Y así fue que empezó a inventariar recuerdos. Partiendo del convencimiento de que lo olvidado, lo perdido entre la red alcantarillada de su memoria, jamás podría hacerlo dichoso, decidió tomar cuenta de los momentos que merecía la pena recordar, y prenderlos con chinchetas de colores sobre el acorchado tablero del presente. No existe nada como la memoria, se decía, es como el museo de la propia vida, en la que cada cual se recrea en el cuadro que más le apetece.
Cerró los ojos e intentó comenzar por el principio, por el más lejano de todos sus recuerdos, pero cayó en la cuenta de que los más remotos, aquellos de su infancia inaccesible, solo los conocía a través de la memoria prestada de los demás. Sin embargo no quería renunciar a ellos; a través de la niebla de sus muchos años, entreveía su sonrisa de chicuelo feliz frente a un espejo, la sensación de paz entre altos pinos, algún aroma reencontrado junto a la orilla del mar.

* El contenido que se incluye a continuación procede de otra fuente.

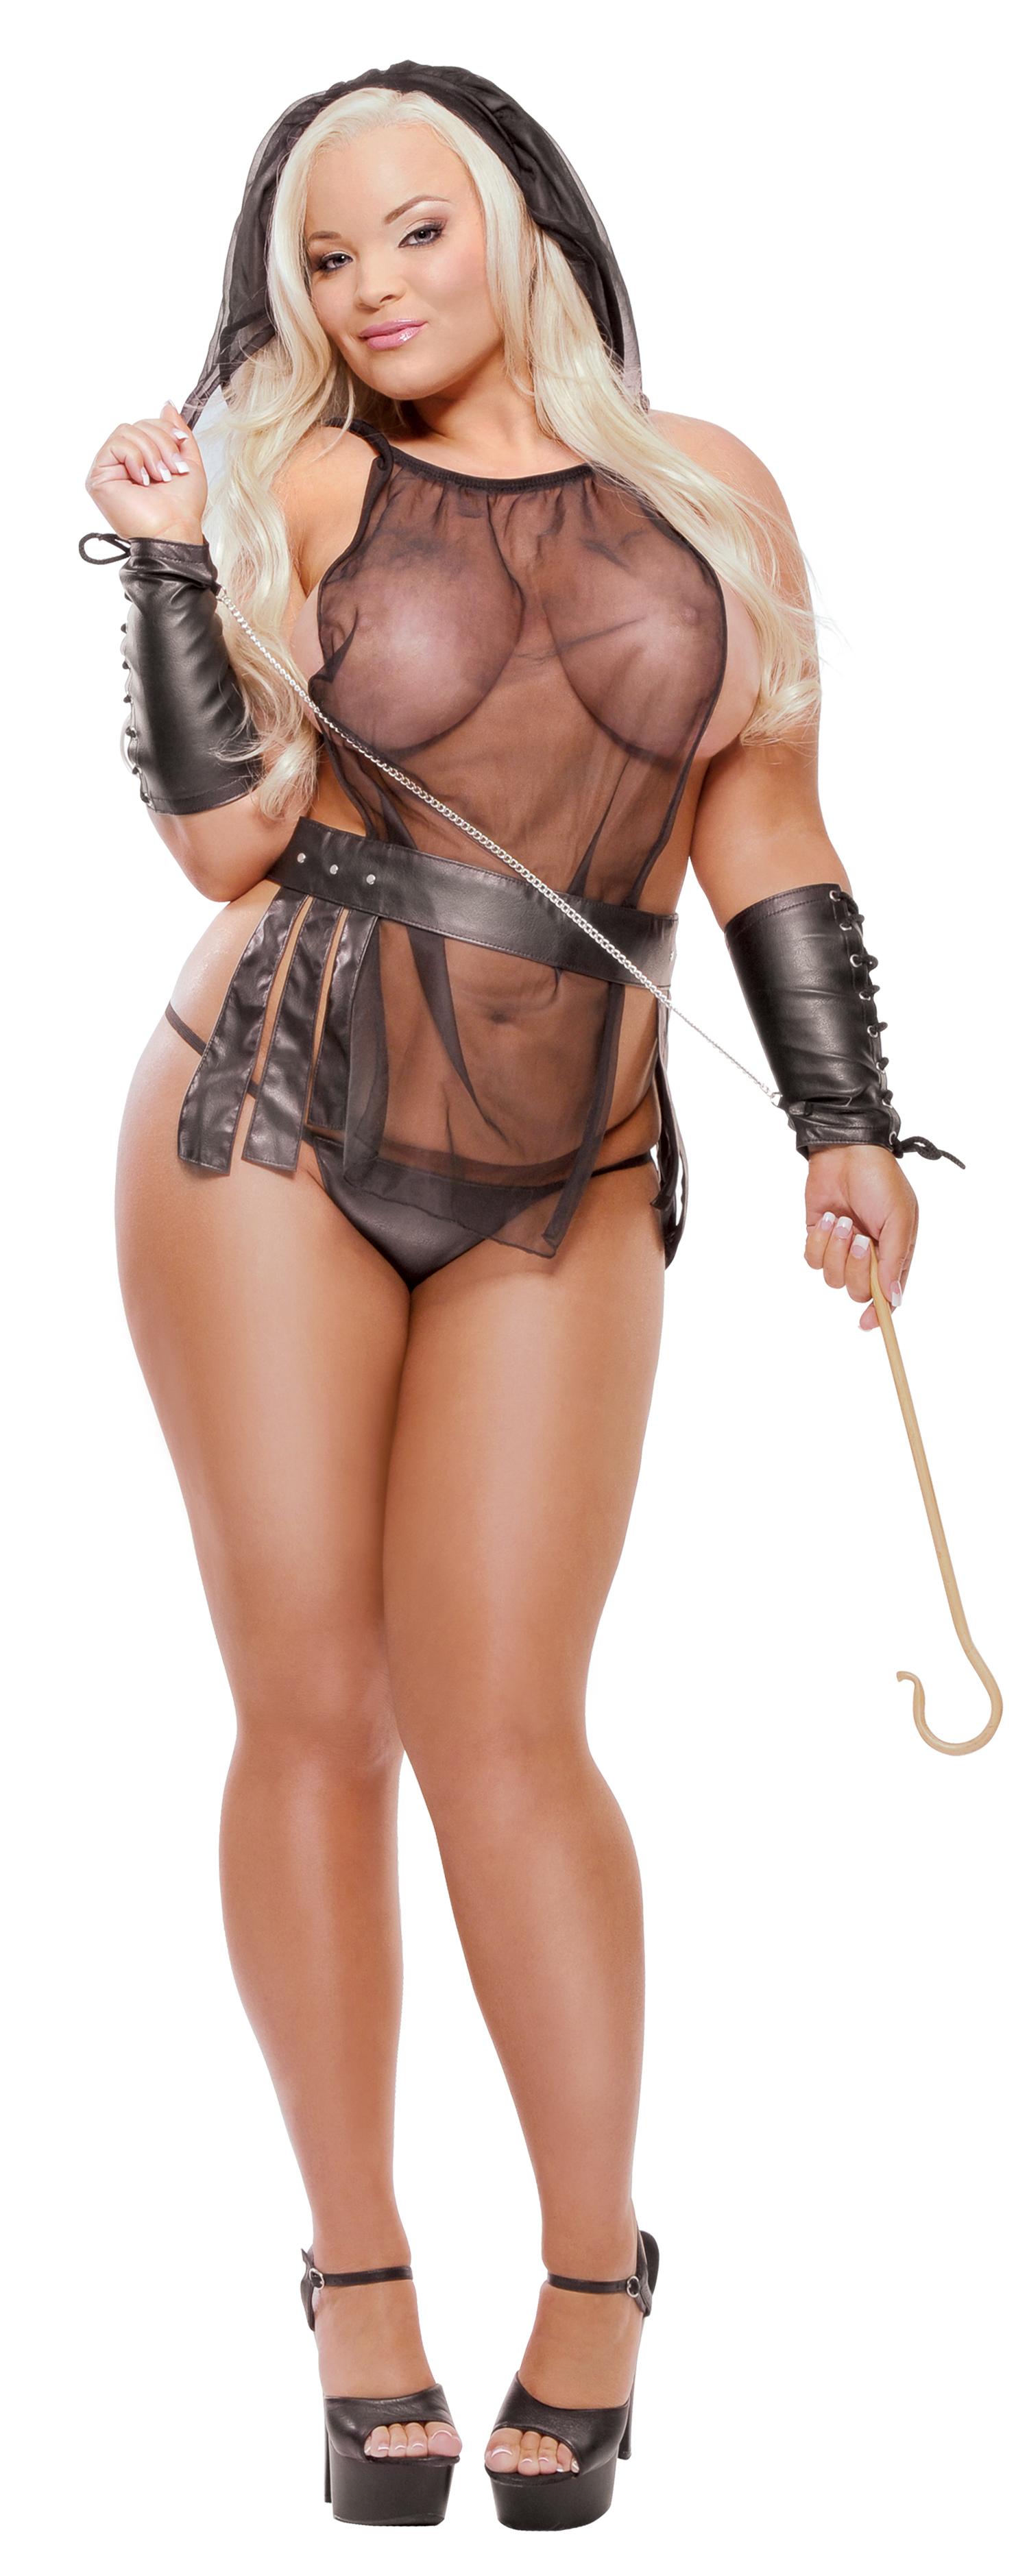 Trisha Paytas Sexy and Nude (111 pics 4 videos) - Sexy ...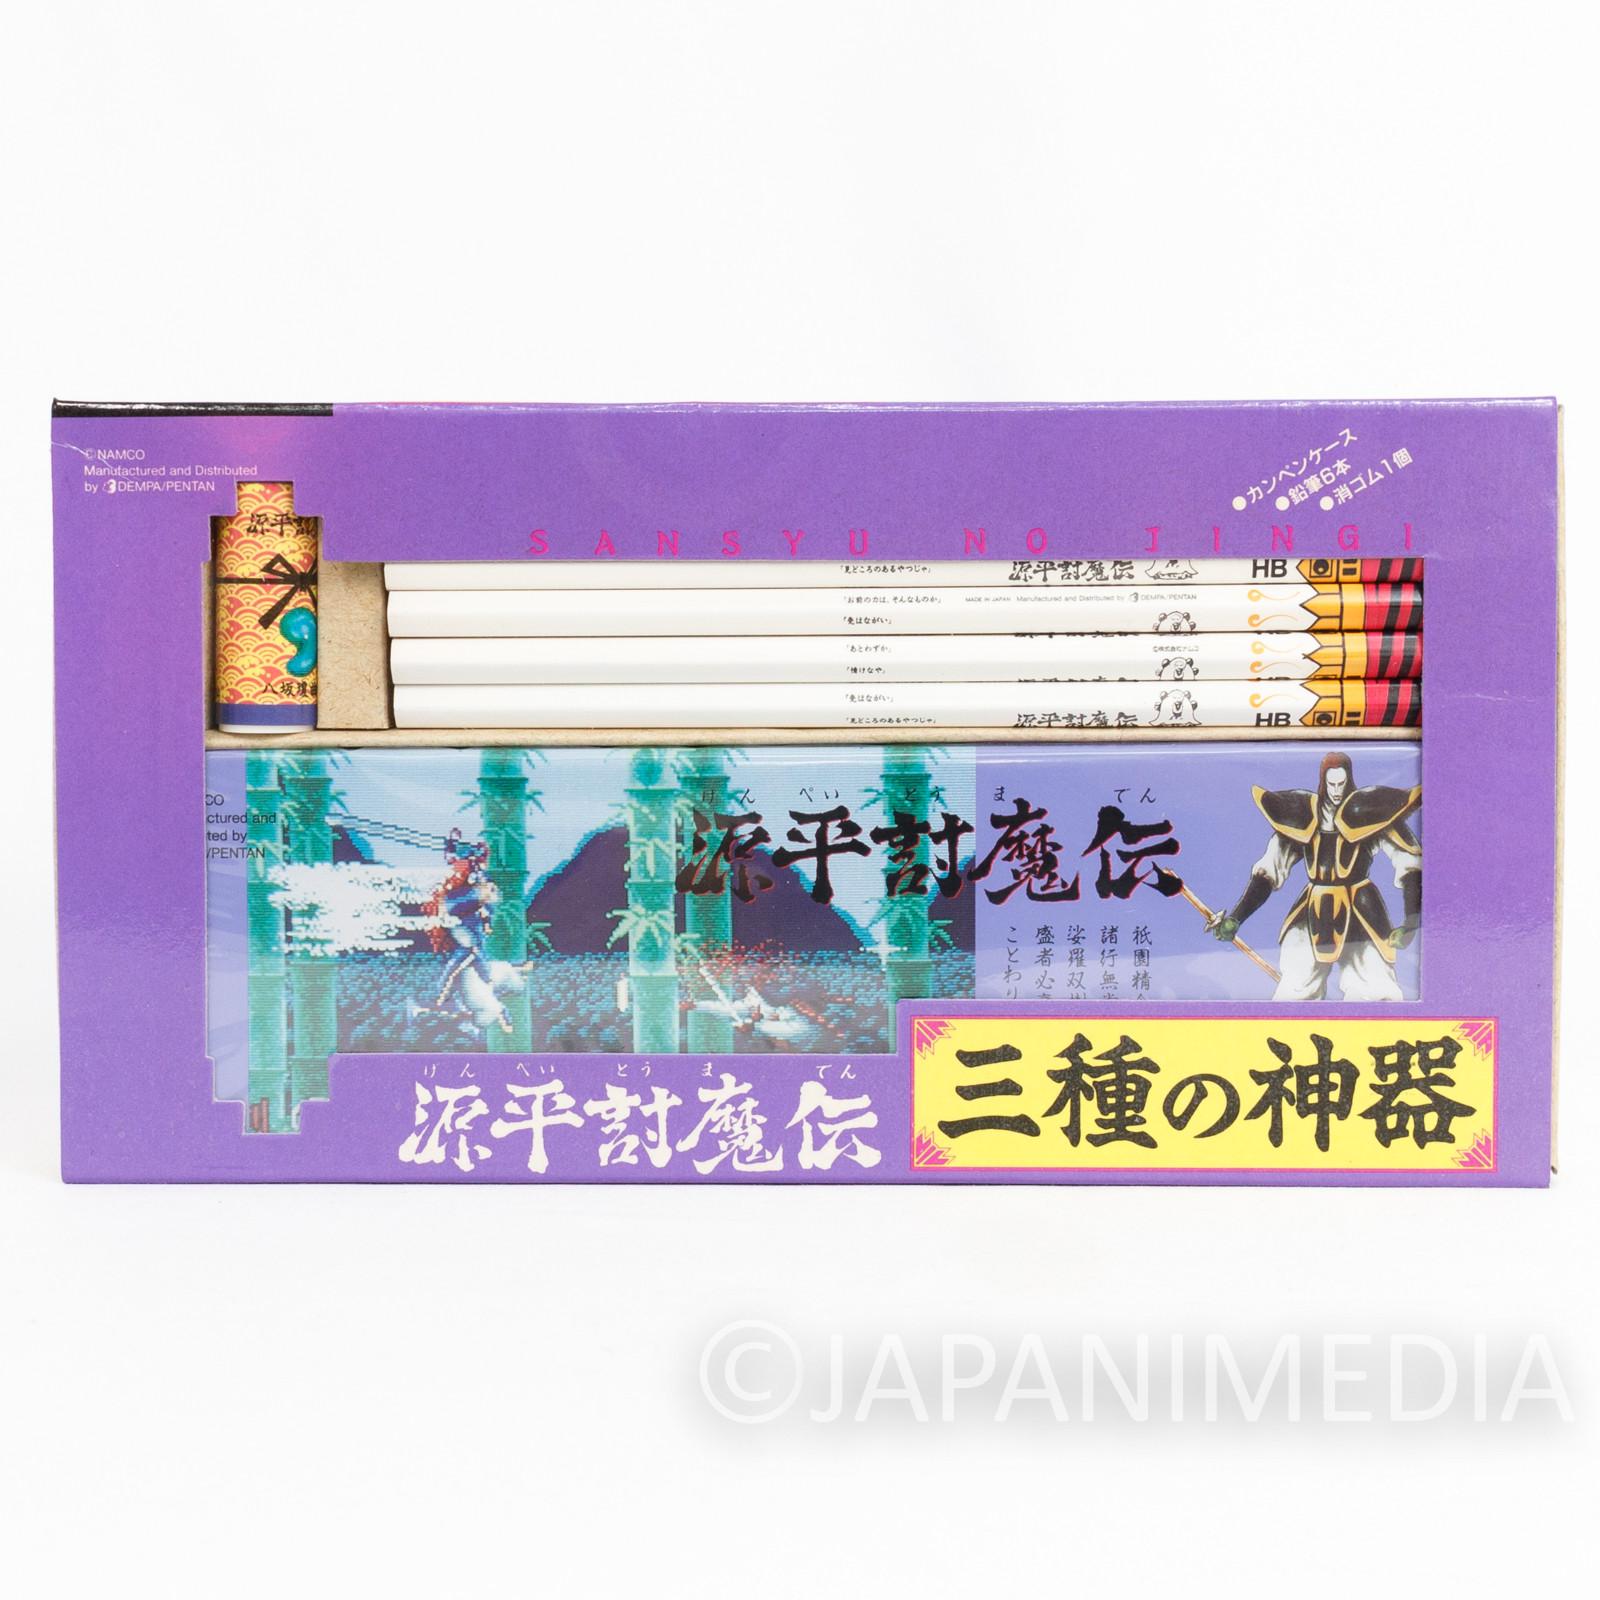 RARE!! Genpei Toma Den Stationery Set /Pen Case Pencil Eraser NAMCO

En su mente se entabló una discusión sobre el método a seguir. Si comenzaba por enfrentarse a la nebulosa de su infancia, cuando llegase al presente podrían haberse agrietado sus recuerdos más recientes. Pero si comenzaba por el final, por sus últimos recuerdos, corría el riesgo que acabar olvidando aún más los del inicio. Finalizó intuyendo que, aunque solo fuese por lógica, debía comenzar por el principio. Pero una vez de acuerdo con el método a seguir, y cuando había conseguido recolectar dos o tres de los más precoces, volvió a planteársele otra duda: si tan desmesurado esfuerzo no merecería la pena una constancia física y fehaciente, y así es como llegó a la conclusión de que usaría un sistema mixto de escritura e imagen, para plasmar sus instantes de felicidad: se haría de un fichero. Sí, corriente, convencional, con tarjetas de cartulina rayada, en el anverso de cuyas hojas plasmaría unos párrafos con la descripción de cada momento de felicidad, y al reverso, un dibujo, fotografía –si existía- o imagen alegórica, que se lo hiciese más palpable.
Y armado de éstas intenciones, se echó a la calle en busca de una tienda donde adquirir los efectos. Pero no contaba con el sol radiante de la primavera, ni con que hubiesen acabado de florecer los almendros, ni con el olor del césped recién cortado, ni mucho menos, con los ojos grises de aquella mujer. Y acabó resumiendo que aquél proyecto era cosa de inviernos, de días de lluvia, de inhóspita soledad. Y lo olvidó todo.